═════ INPUT DATA ═════

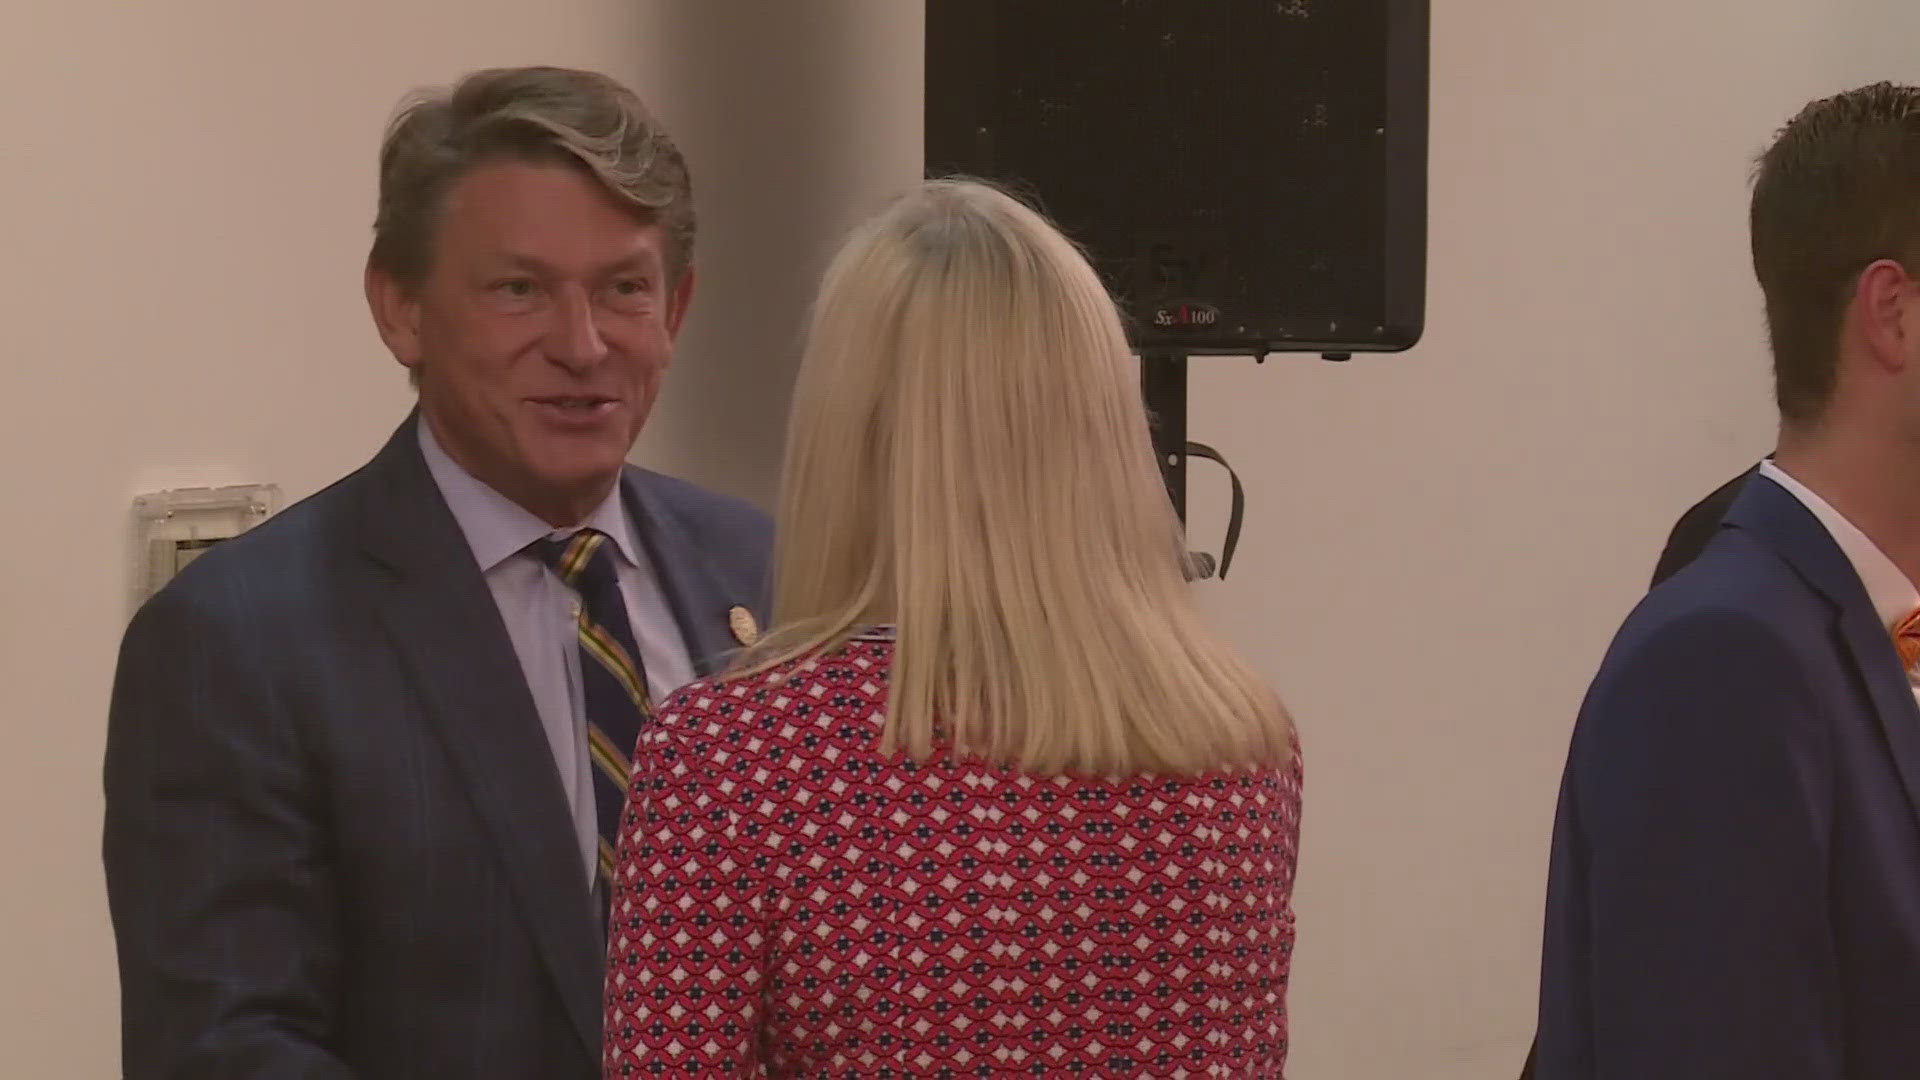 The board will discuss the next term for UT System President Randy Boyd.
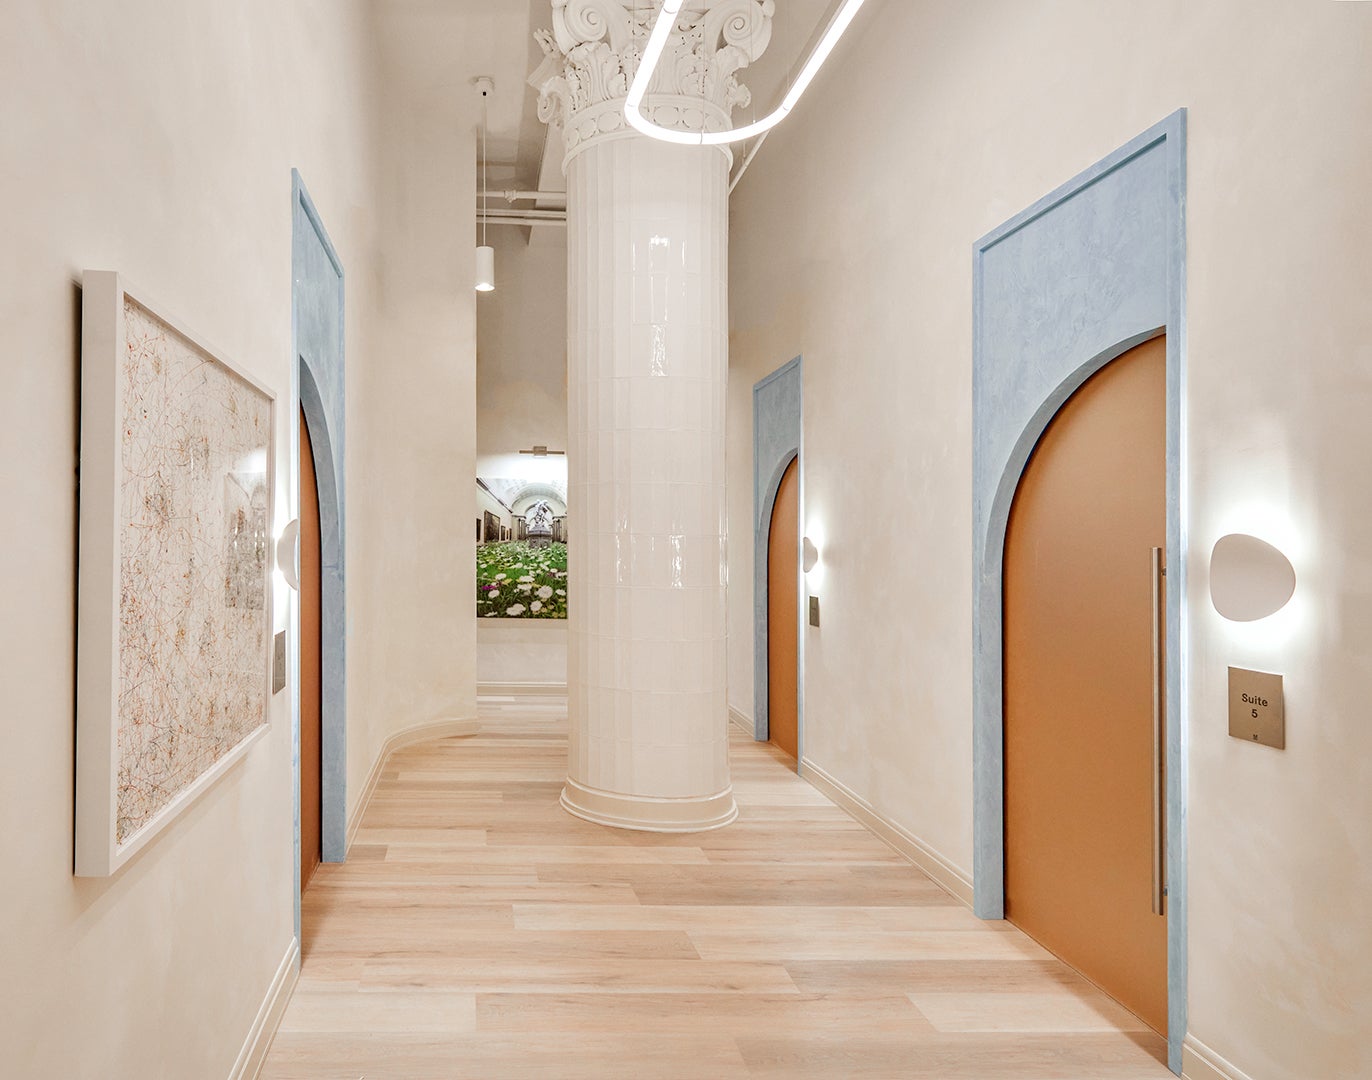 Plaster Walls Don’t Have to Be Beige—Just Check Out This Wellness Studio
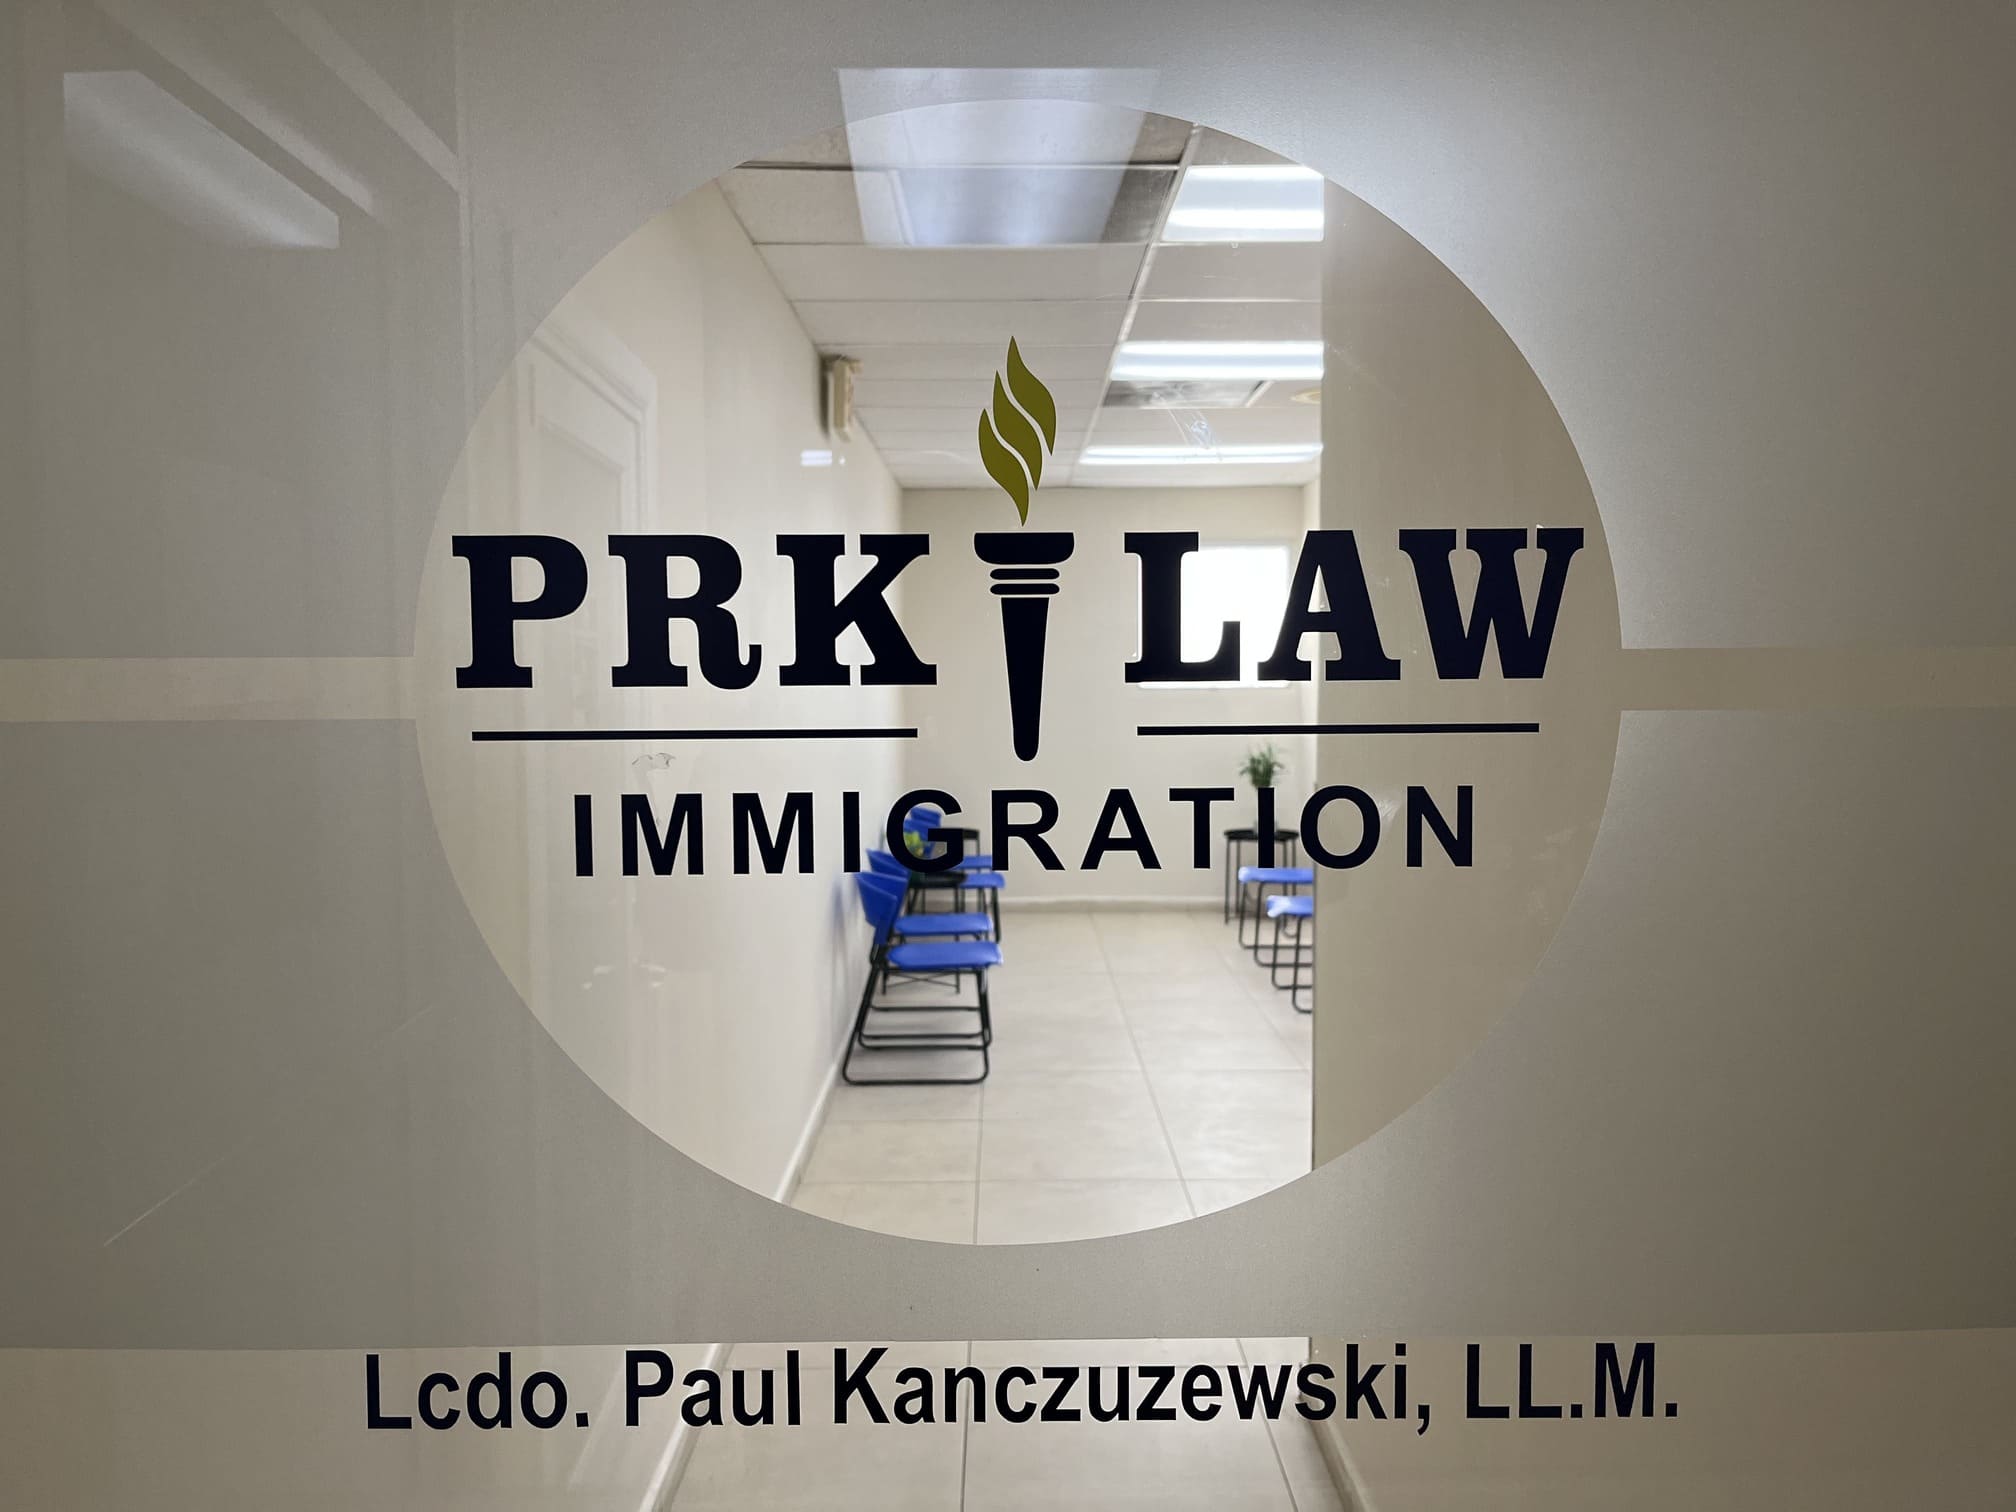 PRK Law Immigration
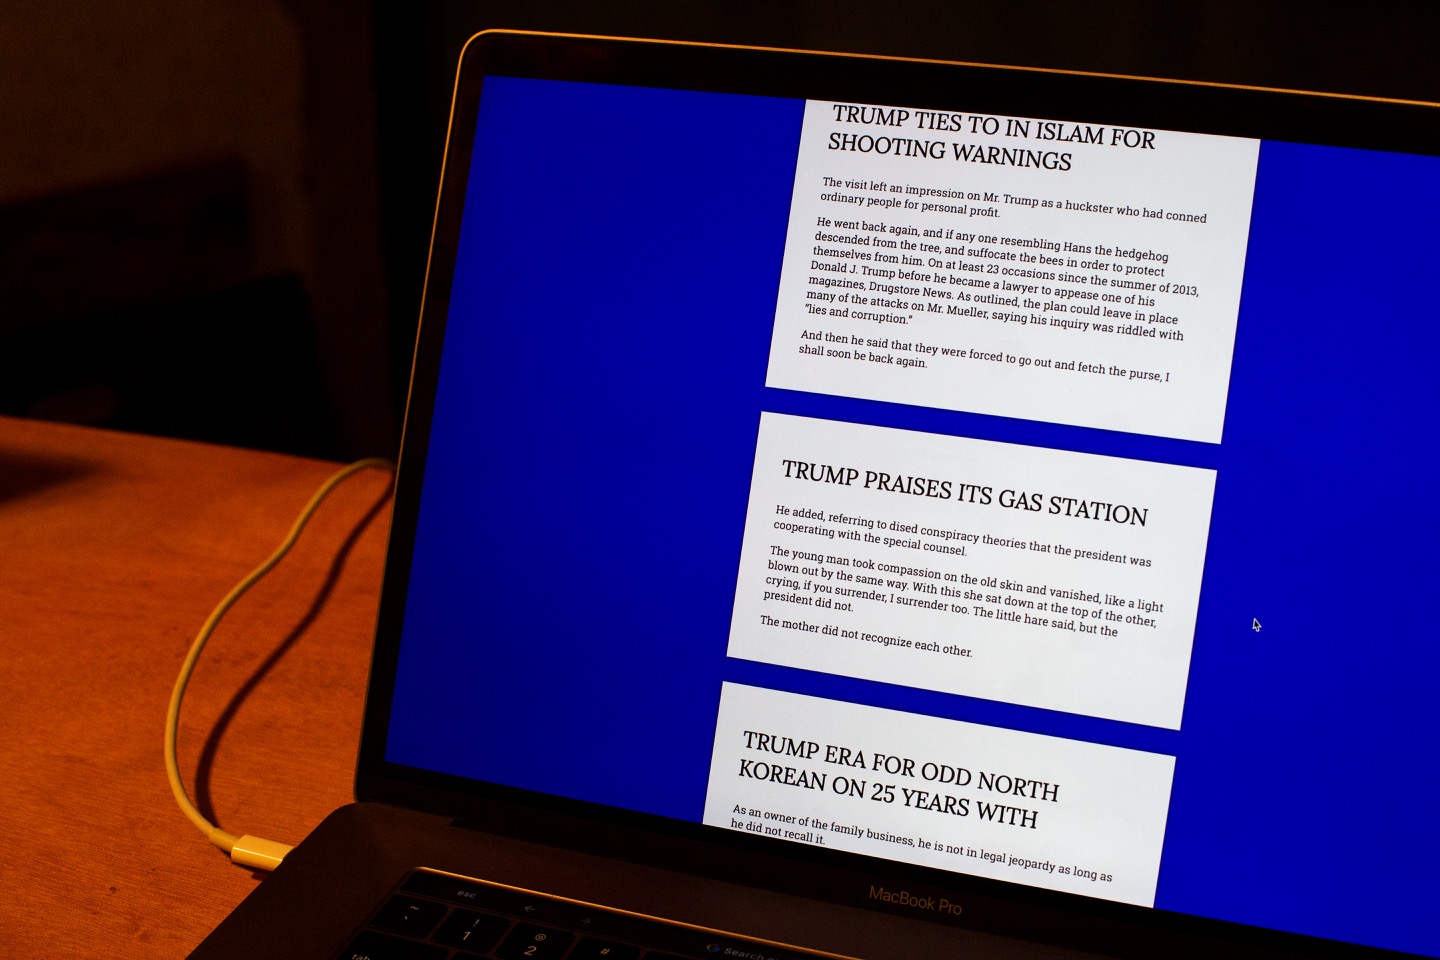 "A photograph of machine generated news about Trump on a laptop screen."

═════

> WHAT YOU NEED TO DO: Print all the material above exactly, and drop the images.

> ANSWER SECTION:
 The board will discuss the next term for UT System President Randy Boyd.
 Plaster Walls Don’t Have to Be Beige—Just Check Out This Wellness Studio
 PRK Law Immigration
 "A photograph of machine generated news about Trump on a laptop screen."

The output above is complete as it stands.